▶ _Exercise brief_
Give again, word for word, the line holding "Sozialverband VdK-logo" and every line after it through the end of the data below. Omit pictures.

BEGIN Information supplied

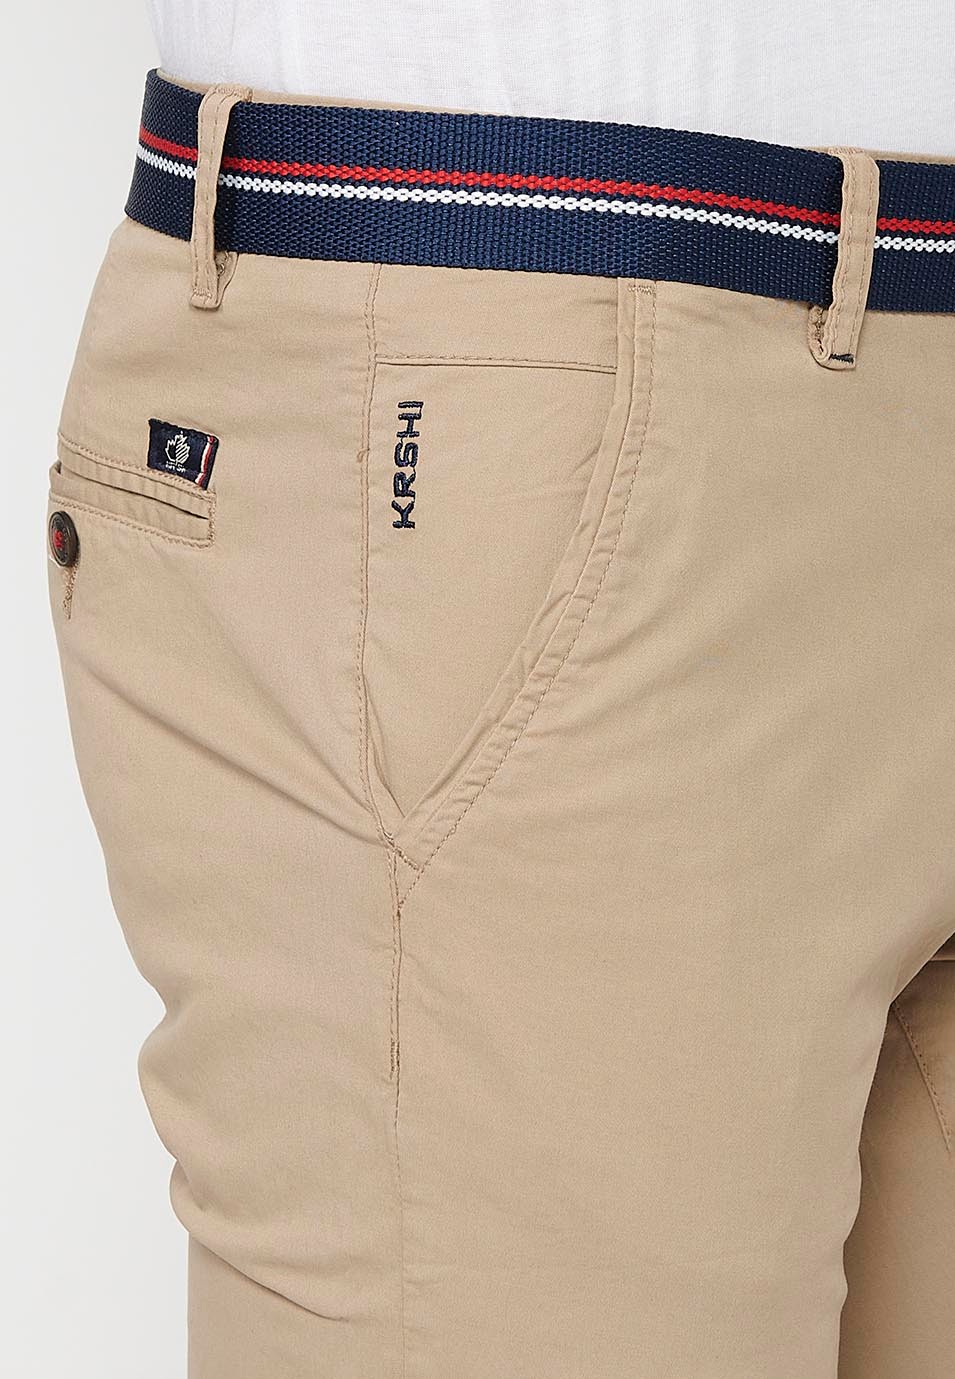 Pantalons curts acabats en volta amb Tancament davanter amb cremallera i botó i cinturó de Color Beige per a Home 8
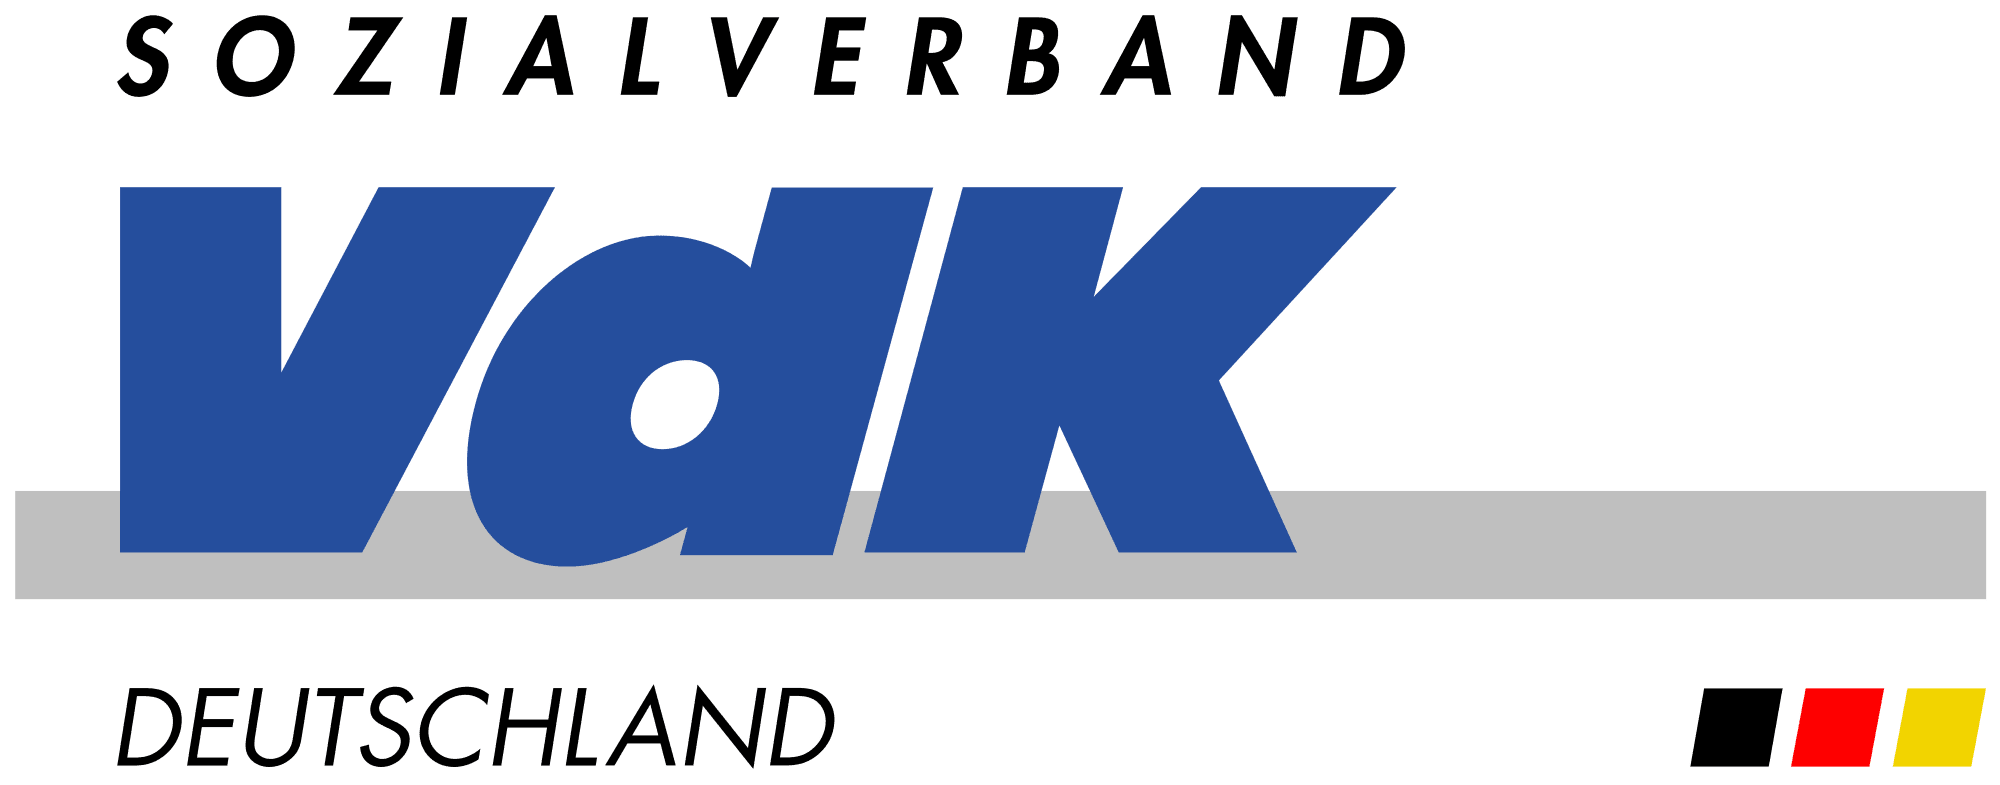 Sozialverband VdK-logo
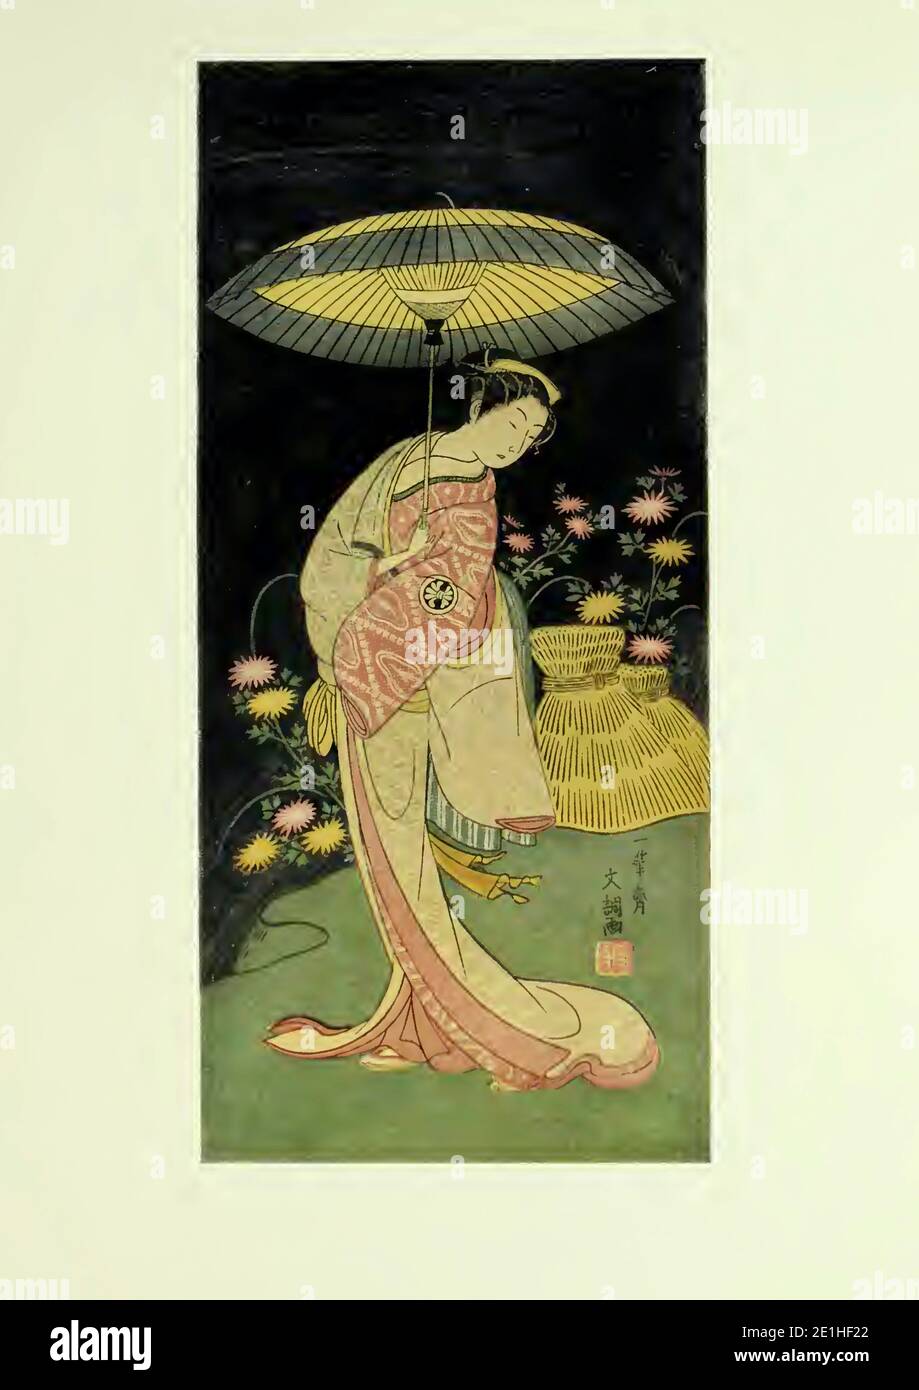 Una ragazza in piedi su una banca sotto un ombrello aperto su una notte oscura; UN grappolo di Astri in background - circa 1769 - Ippitsudai Buncho Foto Stock
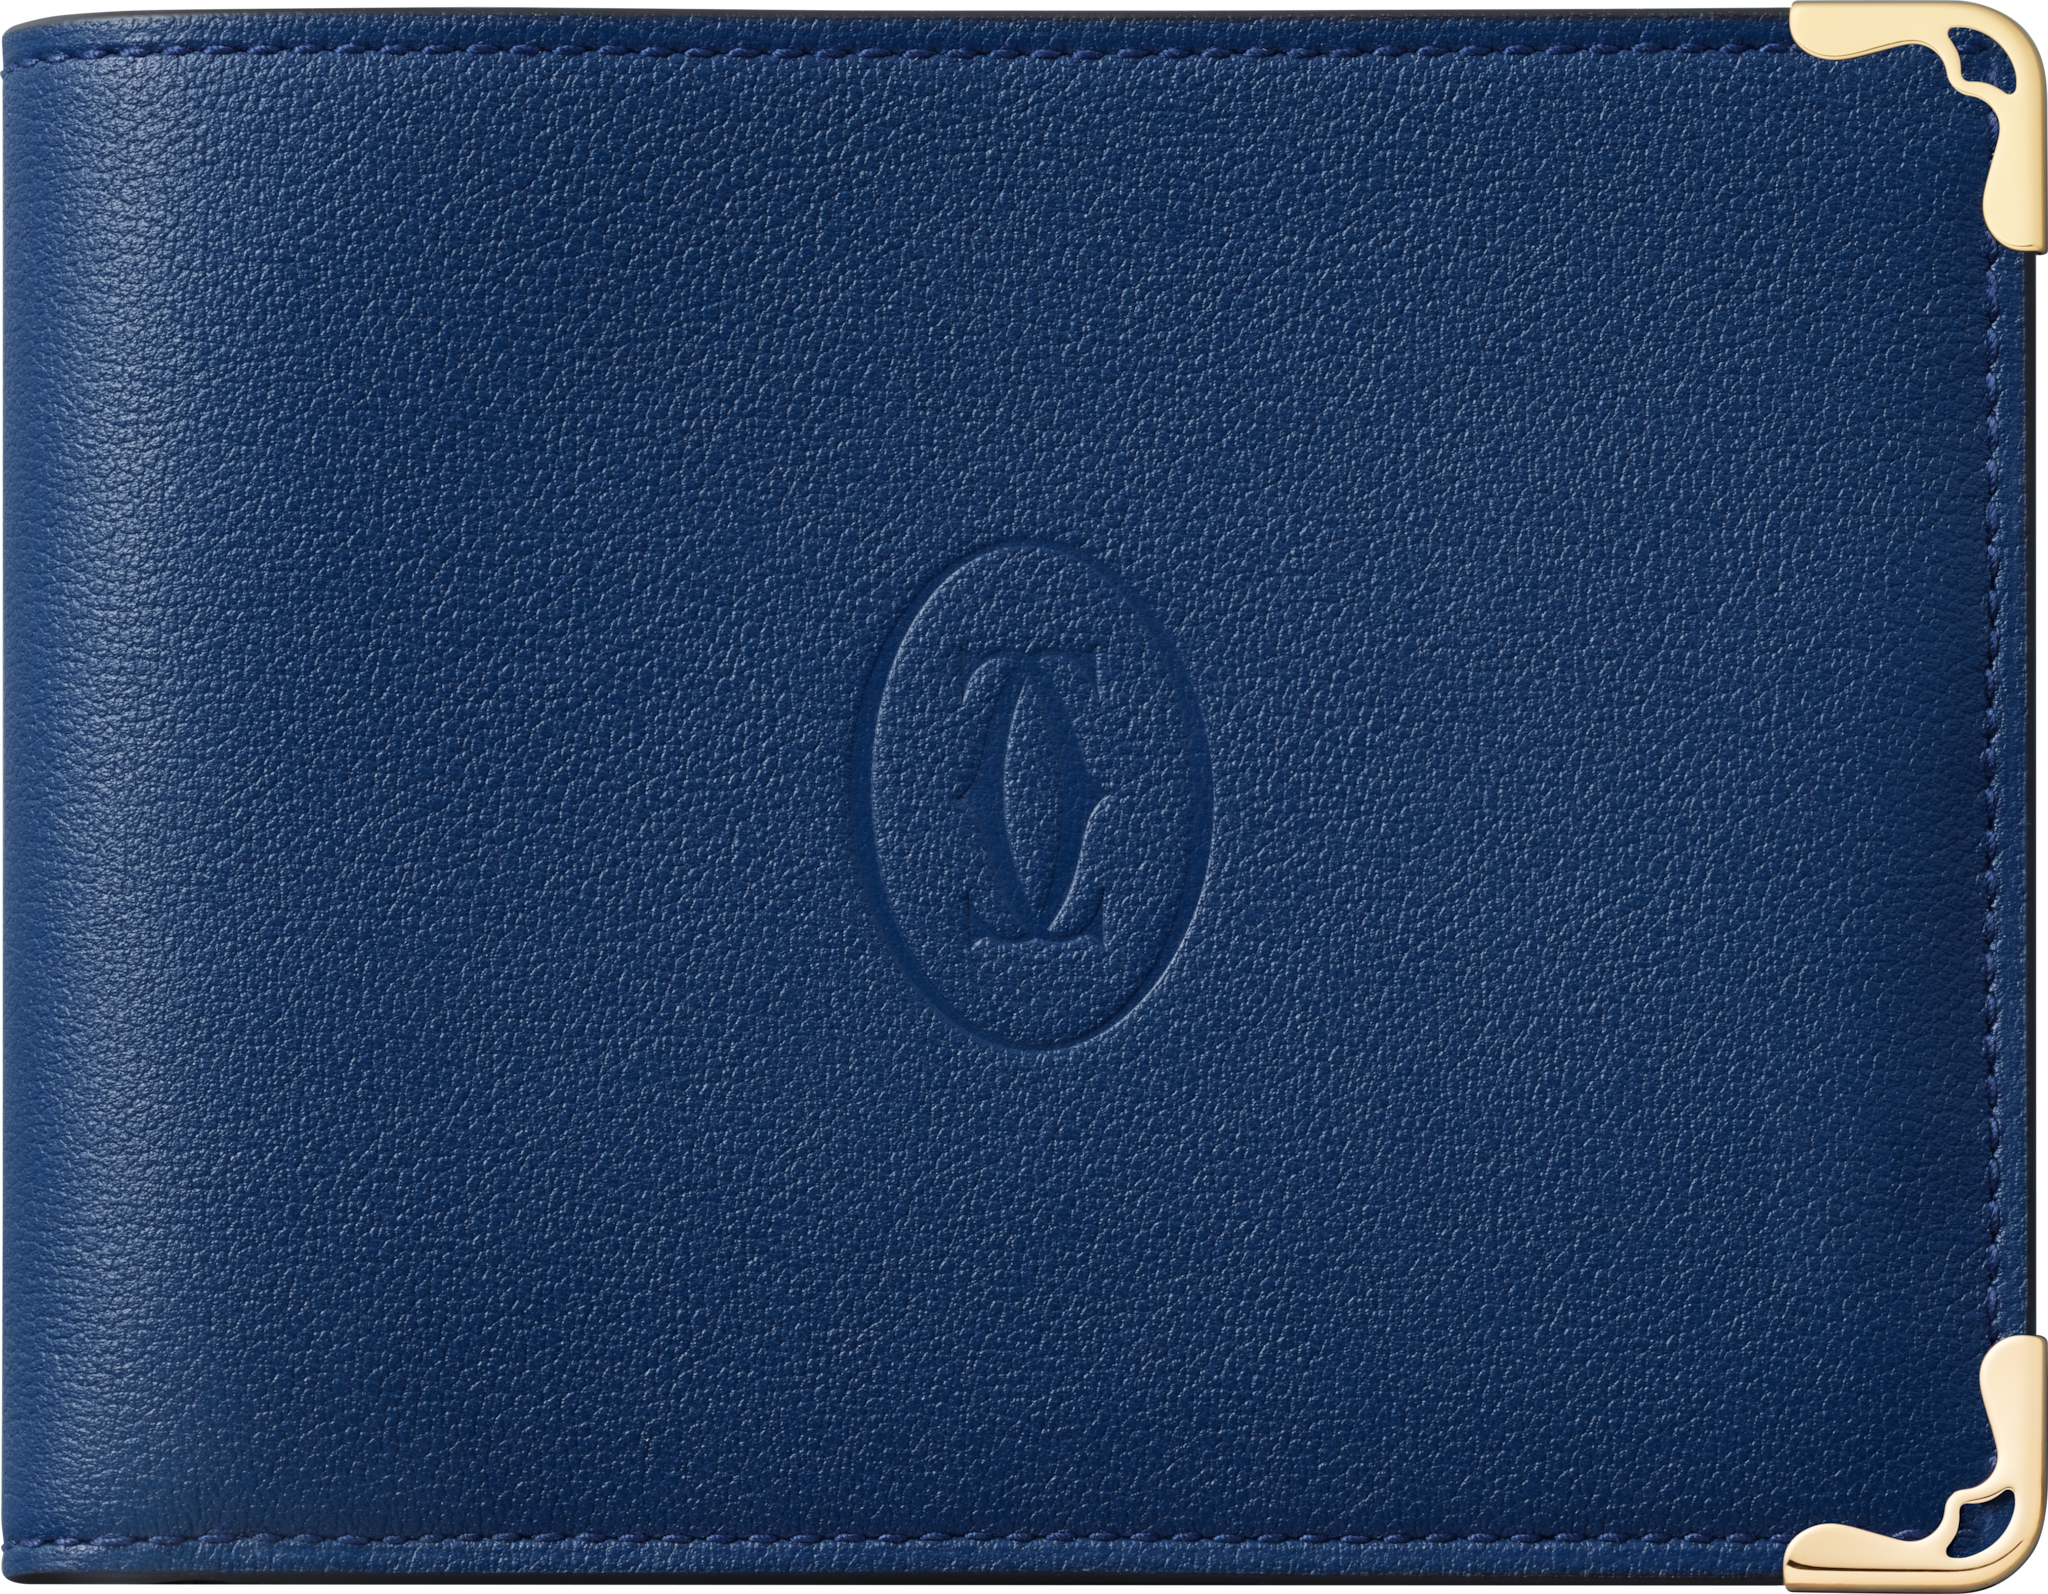 Six-credit card compact wallet, Must de CartierDeep blue calfskin, palladium finish

END Information supplied

▶ _Task response_
 Sozialverband VdK-logo
 Una ragazza in piedi su una banca sotto un ombrello aperto su una notte oscura; UN grappolo di Astri in background - circa 1769 - Ippitsudai Buncho Foto Stock
 Six-credit card compact wallet, Must de CartierDeep blue calfskin, palladium finish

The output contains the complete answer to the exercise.